Изменить размер шрифта - +

Чернокожая свидетельница Мэйми Китченз (Mamie Kitchens) рассказала о том, что однажды наблюдала лично: «Я находилась в раздевалке вместе с мисс Айрин Джексон, когда та была раздета. Мистер Франк открыл дверь, просунул голову внутрь. Он не постучал. Он просто стоял и смеялся.. Мисс Джексон сказала ему: „Ну мы же одеваемся!“ Да, он поинтересовался, нет ли работы. Это было в рабочее время. У нас тогда не было никакой работы, мы собирались уезжать». Правда, после всего сказанного Мэйми Китченз поспешила хорошо отозваться об управляющем Лео Франке [«я никогда и нигде не сталкивалась с аморальными действиями мистера Франка»], но этот реверанс переоценивать не следует – это всего лишь дань формальной вежливости, продиктованная желанием не столкнуться с лишними проблемами по месту работы.

Вся эта информация вызвала огромный и притом хорошо понятный интерес окружного солиситора Хьюго Дорси, поставившего перед детективами задачу активизировать сбор информации о Лео Франке, который по мнению следствия стремился скрыть истинный характер своих отношений с убитой девочкой.

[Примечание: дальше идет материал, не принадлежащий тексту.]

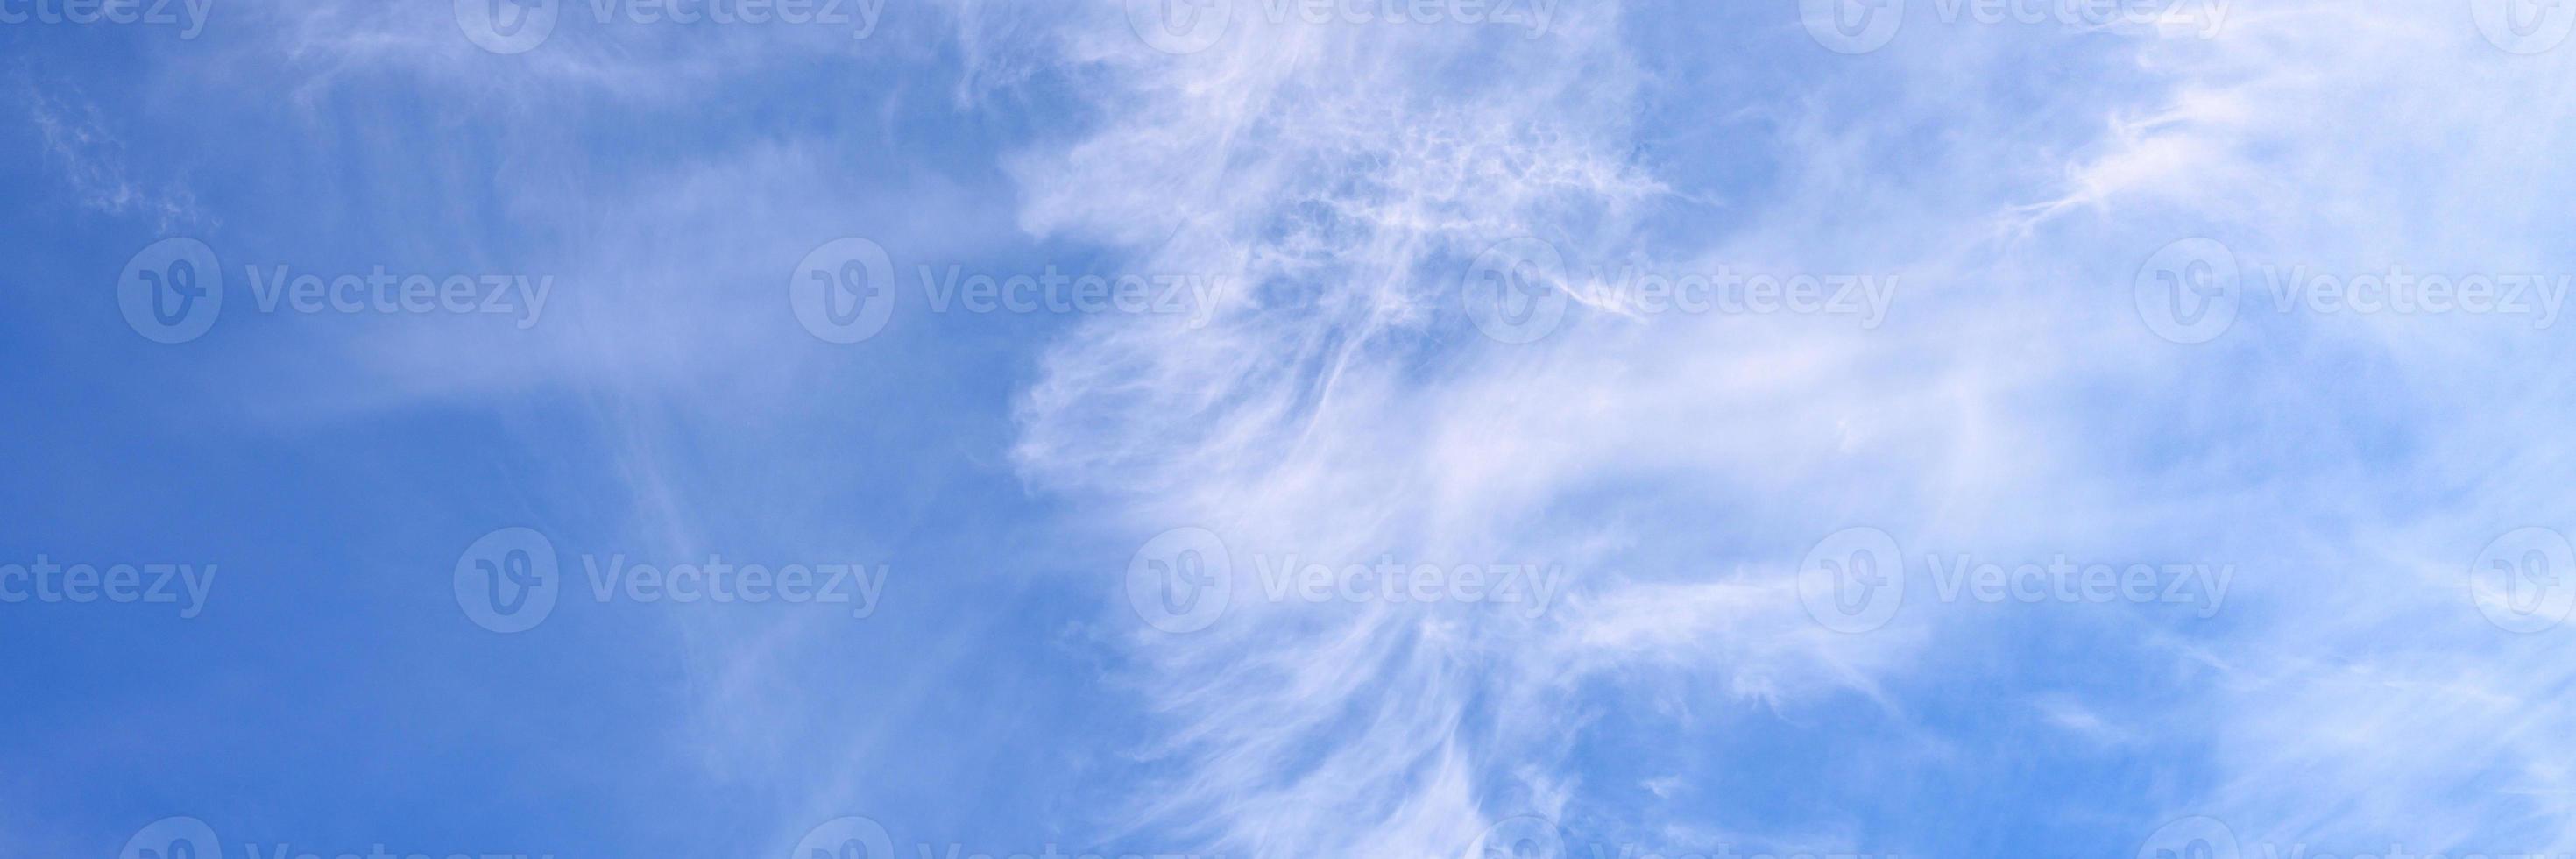 lindas nuvens de céu azul foto

Кроме того, опрос персонала фабрики к началу мая 1913 г. убедил правоохранительные органы в том, что Джим Конли – тот самый чернокожий мужчина, что исполнял обязанности разнорабочего и уборщика – в середине дня 26 апреля находился на территории карандашной фабрики. В своём месте об этом уже упоминалось. Между тем, сам Конли при первичном его опросе полицейскими заявил, что не помнит события субботы, поскольку крепко выпил накануне и случившееся в период с пятницы до понедельника в его голове перемешалось.

На первое время такое объяснение удовлетворило полицейских, но вскоре им пришлось вернуться к рассказам этого мужчины. В том числе и потому, что тот назвал неверный адрес своего проживания. Полицейским он сообщил, будто проживает на Тэтнолл-стрит (Tattnall street), но когда его стали искать для вызова на заседание коронерского жюри, выяснилось, что оттуда он съехал полугодом ранее. Полицейским пришлось затратить некоторое время на розыск Конли, благодаря чему истинное место проживания удалось установить – это был дом №172 по Родс-стрит (Rhodes street), примерно в 800 метрах от адреса, указанного ранее.

Будучи доставленным на заседание жюри, Джим Конли заявил под присягой, что не умеет писать, причём к этому времени другой фабричный рабочий – лифтёр и «дневной» сторож по фамилии Холловэй (E. F. Holloway) – уже сообщал, что Конли писать умеет. Тем не менее, присяжные поверили Конли, как ранее этому поверили детективы. Свой рассказ о событиях субботы Конли во время допроса видоизменил – он сообщил коронерскому жюри, что в субботу 26 апреля между 10 и 14 часами находился на Питерс-стрит (Peters street), где пил пиво и общался с другими чернокожими, после чего вернулся домой, а около 18 часов отправился в центр города, где снова выпил пива. Окончательно он возвратился домой после 20 часов и более на улицу не выходил.

Эти россказни показались весьма подозрительны, поскольку прямо противоречили показаниям целой группы свидетелей, видевших Джеймса Конли в первой половине дня 26 апреля с газетой в руках в вестибюле 1-го этажа фабрики. Полицейские попытались проверить показания допрошенного и установили, что никто в питейных заведениях на Питерс-стрит не видел Конли ни утром, ни послеобеденное время 26 апреля. Сам Конли также затруднился назвать кого-либо из своих знакомых, кто мог бы подтвердить правоту его слов.